We are electrical contractors here in Los Angeles, and specialize in lighting controls for both residential and commercial projects.
I can't find any threads on the Electriciantalk.com forums that discuss this topic.
ie, what systems do you use, any problems, clients requests and complaints.
Anyone know if there is a forum for this here?


----------



## MikeFL (Apr 16, 2016)

Lighting Design is as close as it gets. Feel free to post your threads in this category. It's pretty relaxed around here most of the time.

We manufacture lighting controls so of course you know how I'd respond to your question.

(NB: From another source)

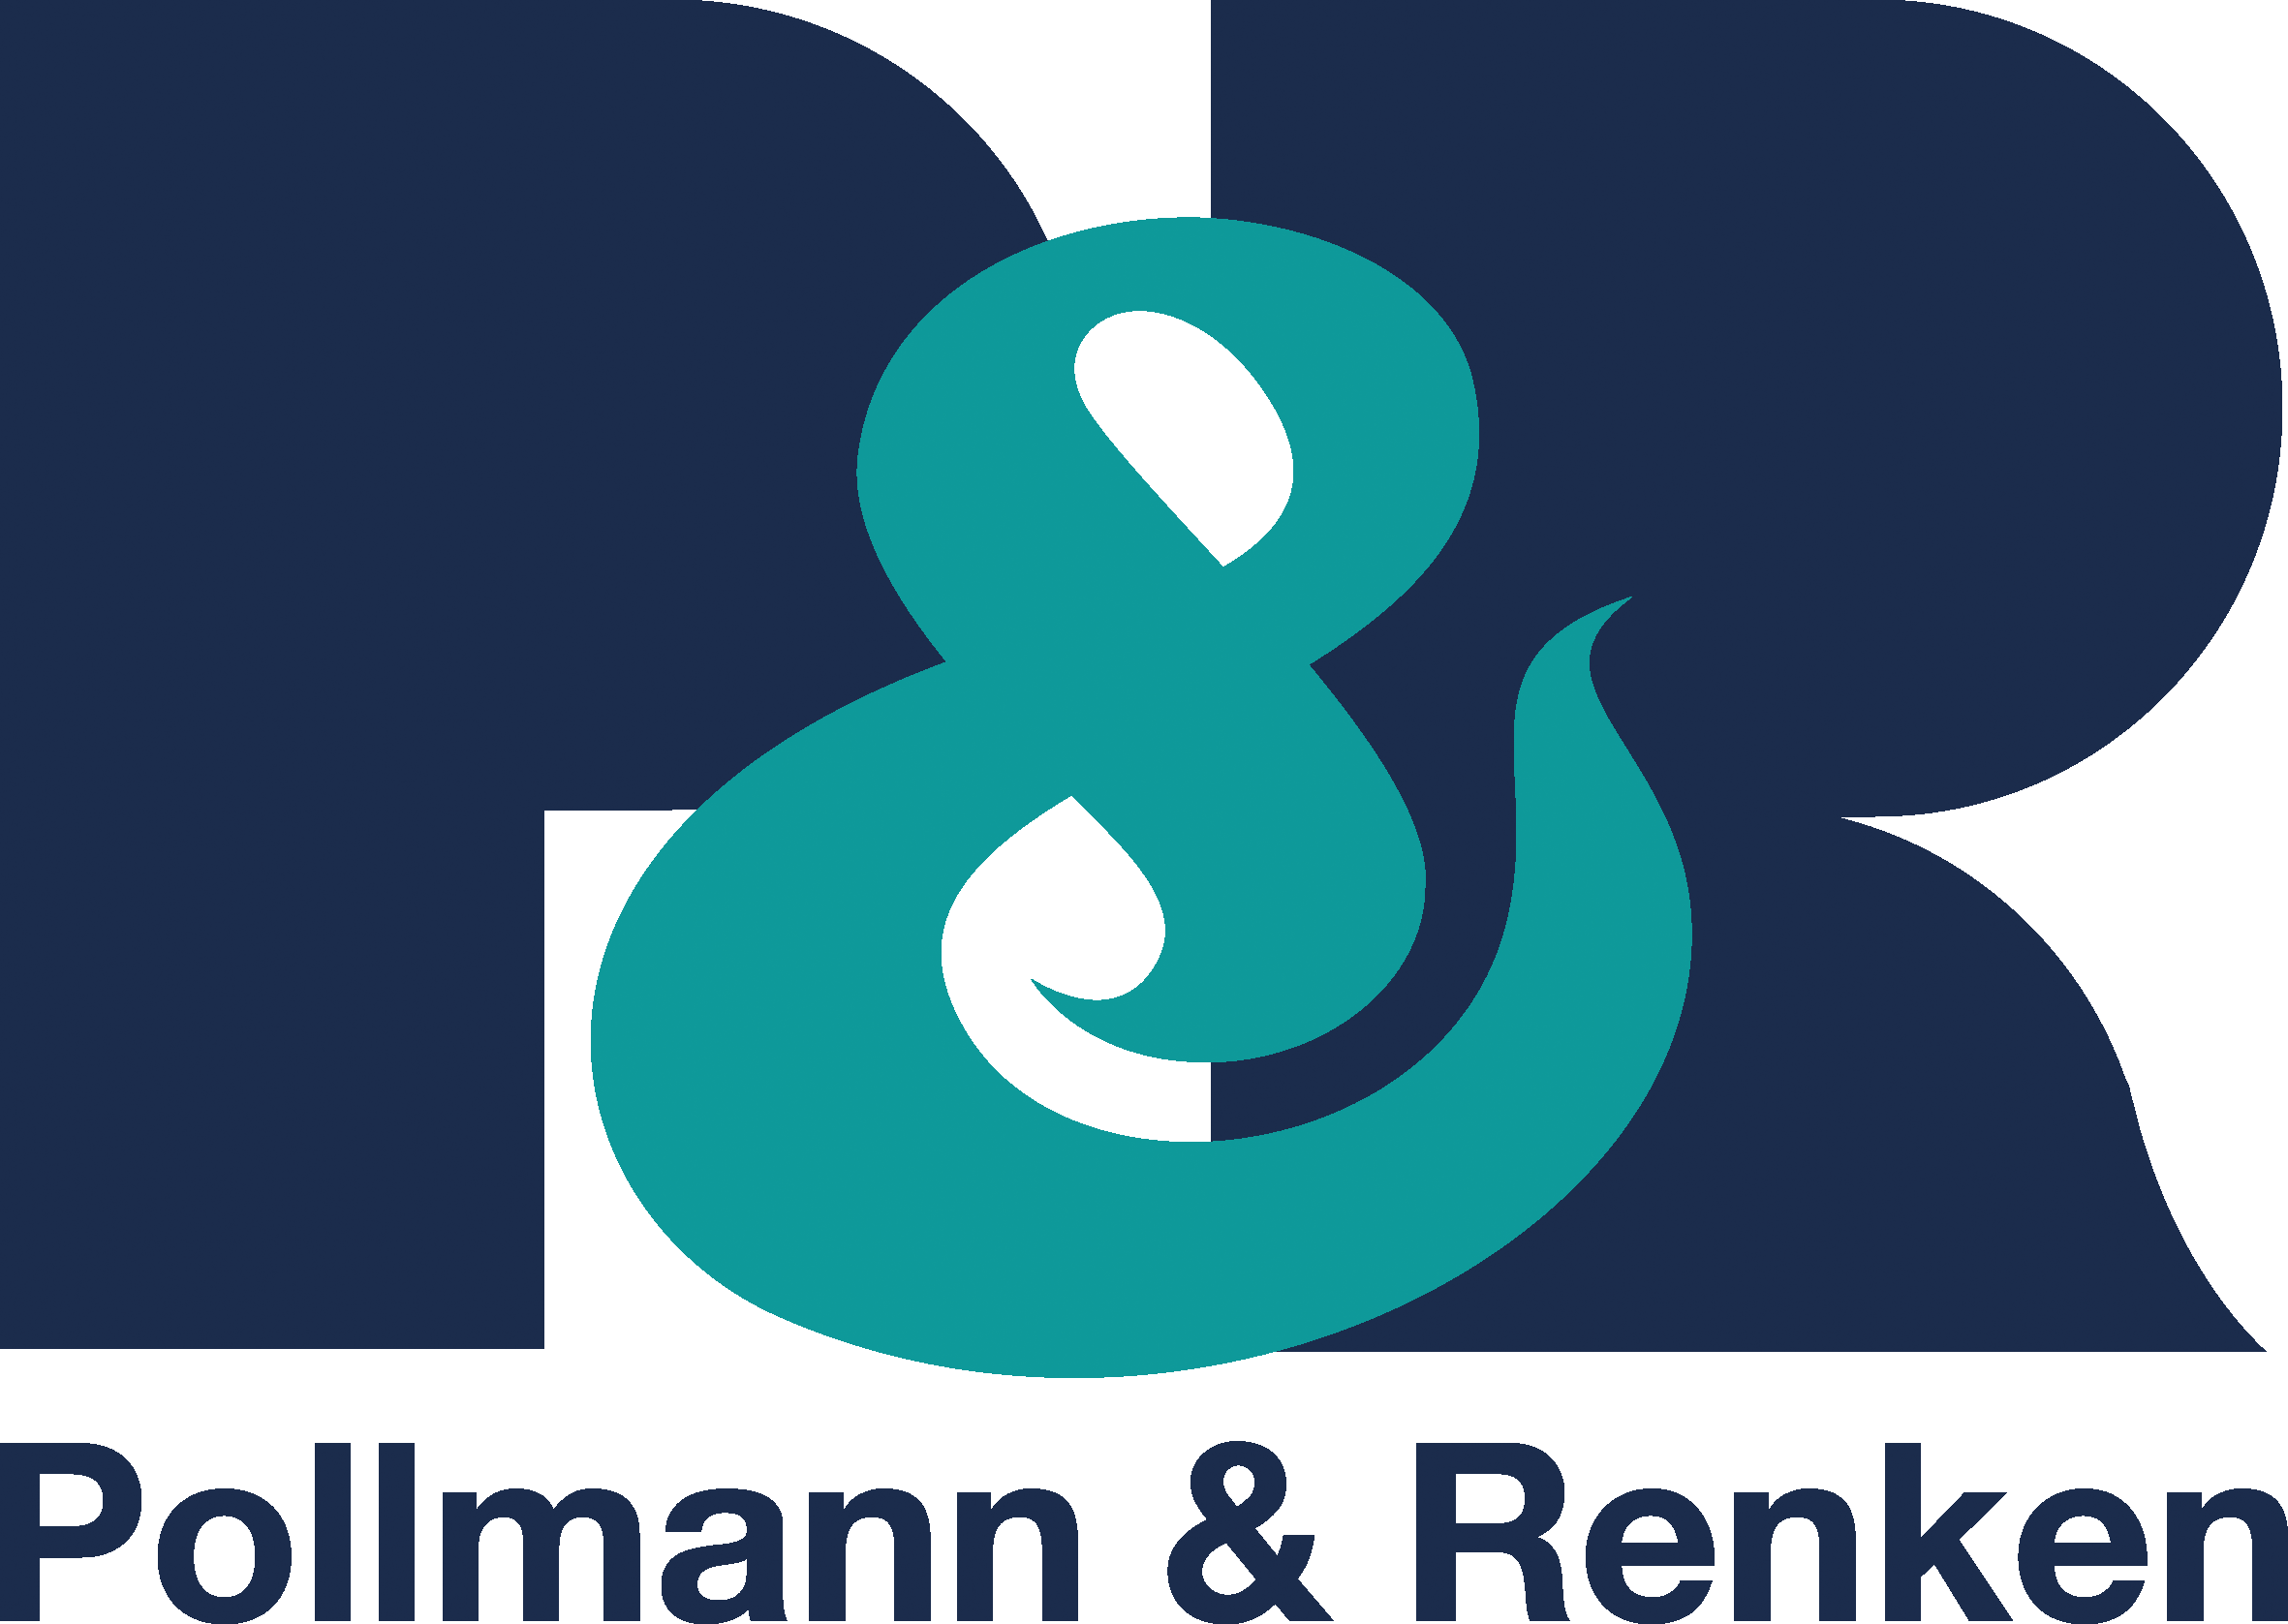 Pollmann & Renken

How are you getting along with the documentation requirements at the end of a project? Have any of those come to you yet? I know a guy who does those certifications out there and in fact he's in LA today. He says it blindsides many people including the engineers and then they often end up doing retrofits at greater time & expense.


----------



## westcojack (Dec 2, 2011)

Thanks.
We are familiar with the crazy title 24 codes, and have had a couple of projects that needed certifications. All went well on both, but if you have a contact that does this, by all means send the info.
At this time we are a large dealer for Vantage Controls (vantagecontrols.com),and our website is WestcoSmartHomes.com.


----------



## MikeFL (Apr 16, 2016)

I'll pm it to you.


----------